#### Dataset section

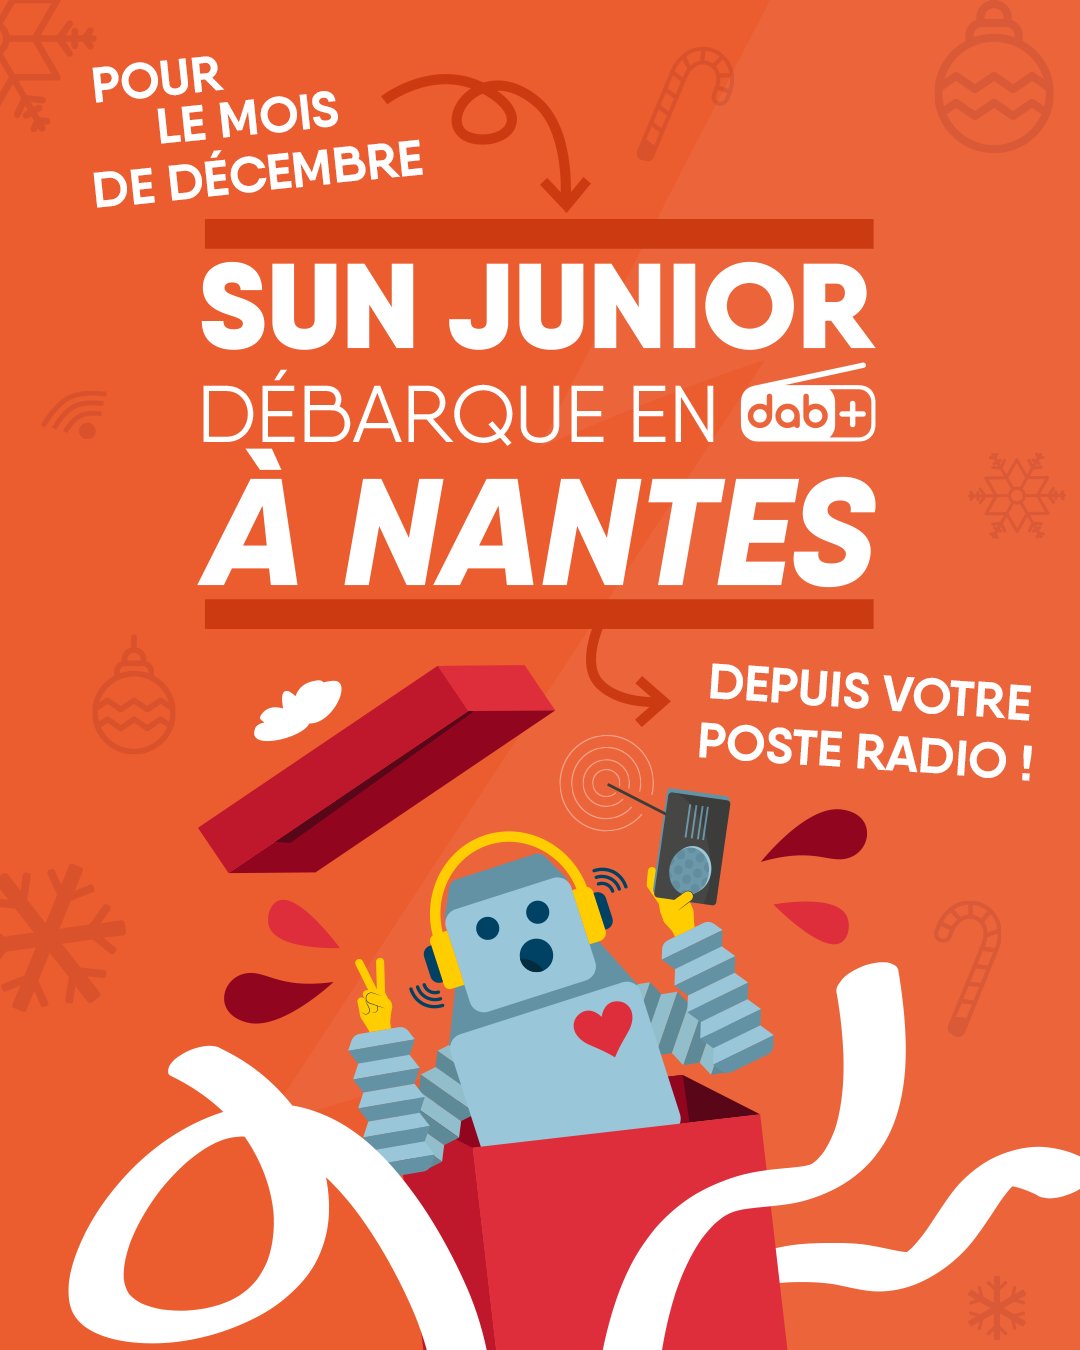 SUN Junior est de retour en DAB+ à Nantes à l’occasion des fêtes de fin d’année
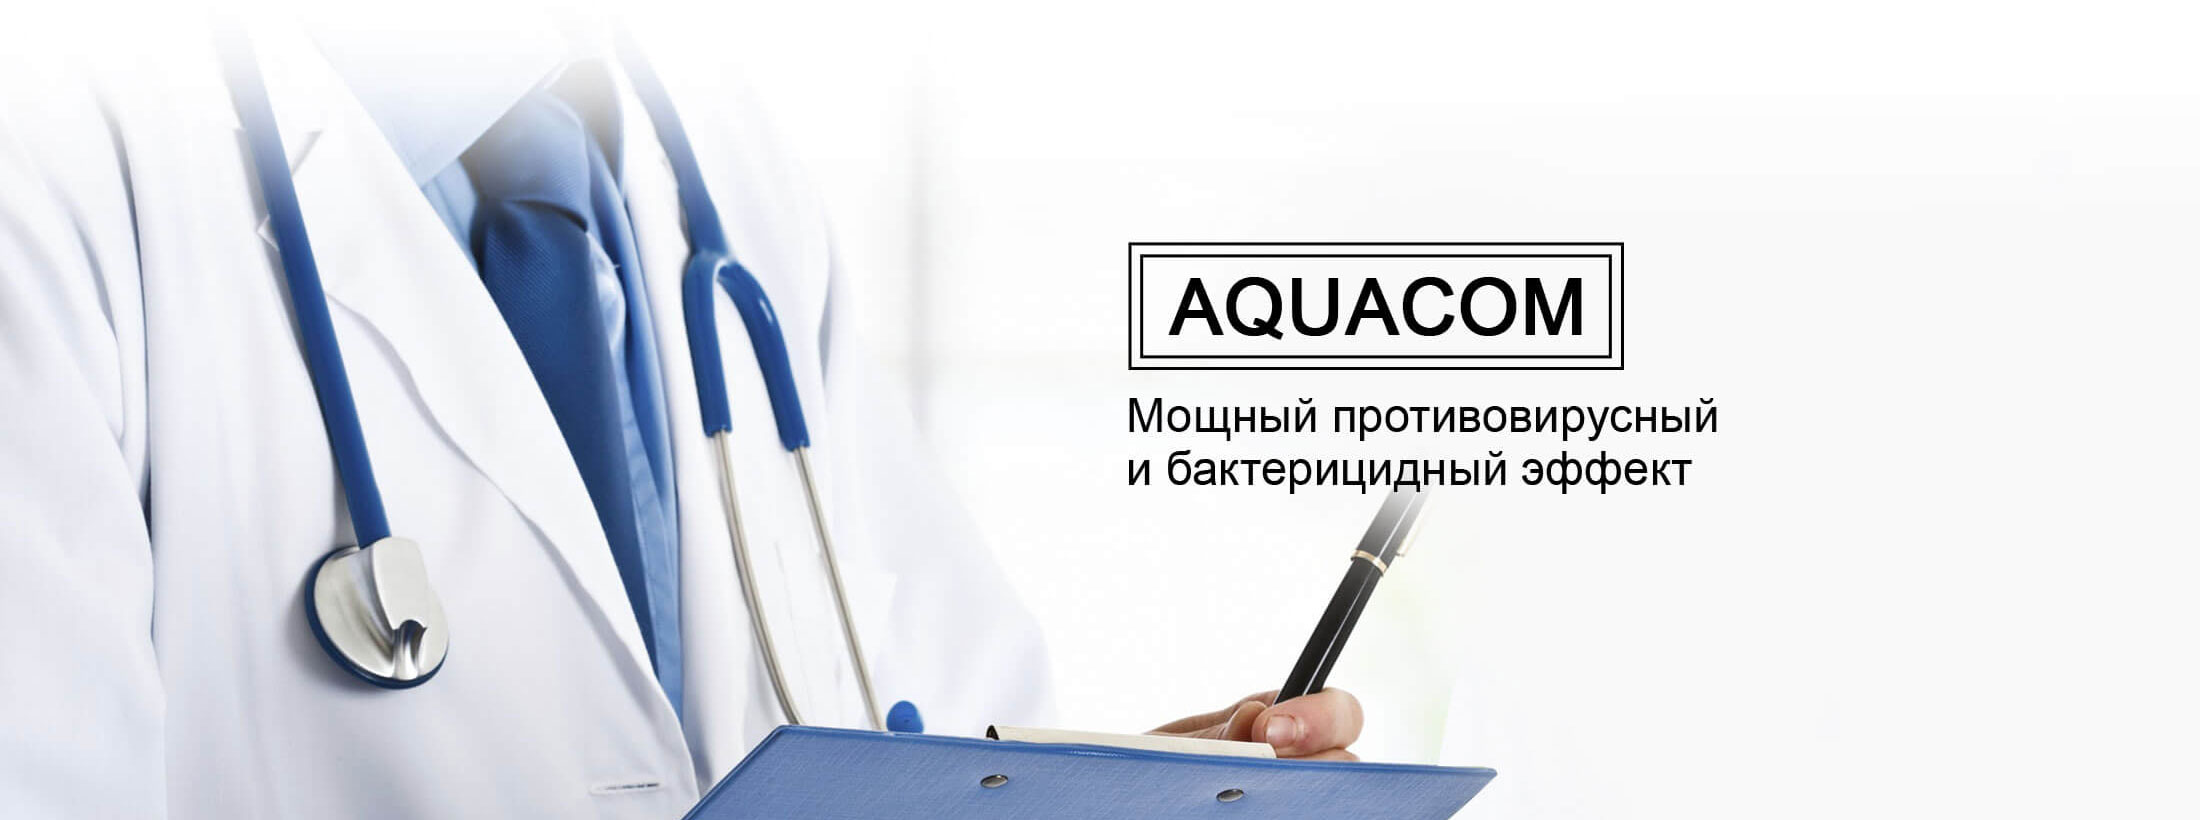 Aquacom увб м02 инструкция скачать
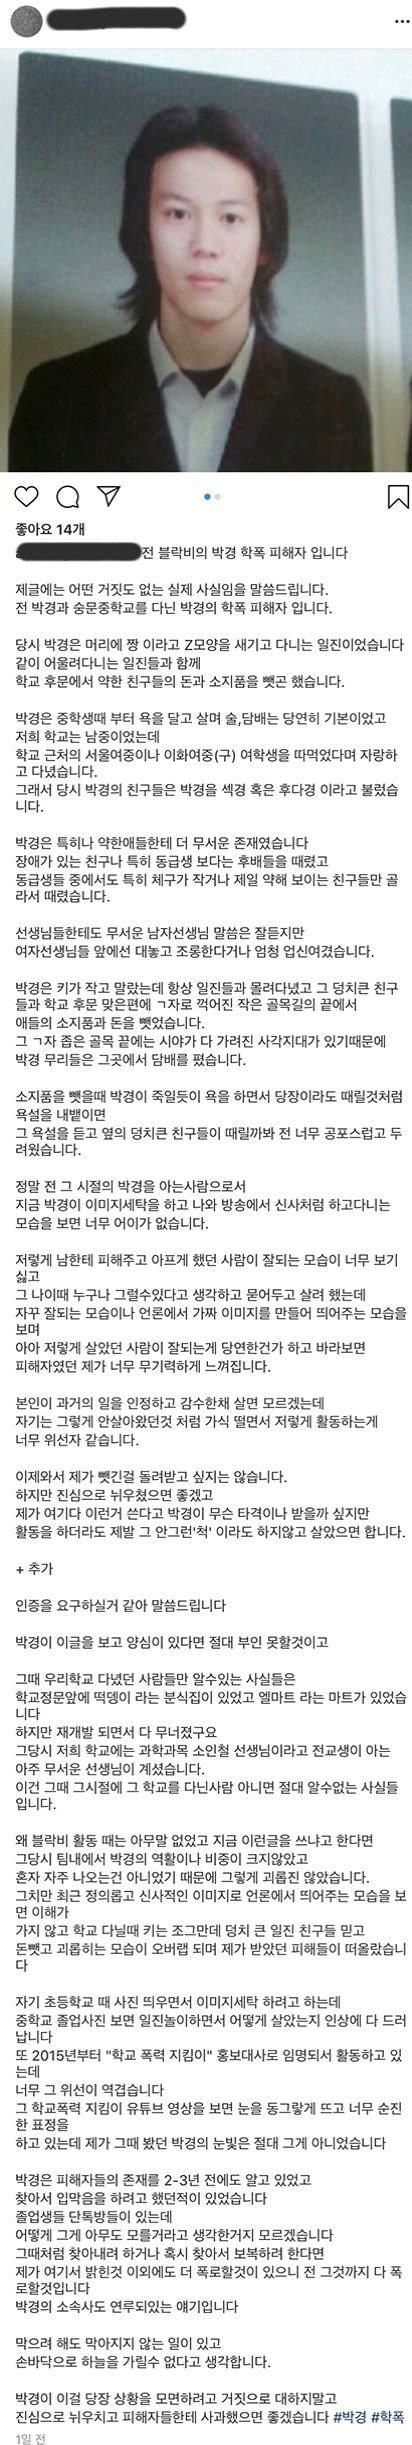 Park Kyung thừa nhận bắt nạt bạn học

#### Exercise aim
Every line of the data above should be quoted exactly. Omit the pictures.

#### Answer space
 SUN Junior est de retour en DAB+ à Nantes à l’occasion des fêtes de fin d’année
 Aquacom увб м02 инструкция скачать
 Park Kyung thừa nhận bắt nạt bạn học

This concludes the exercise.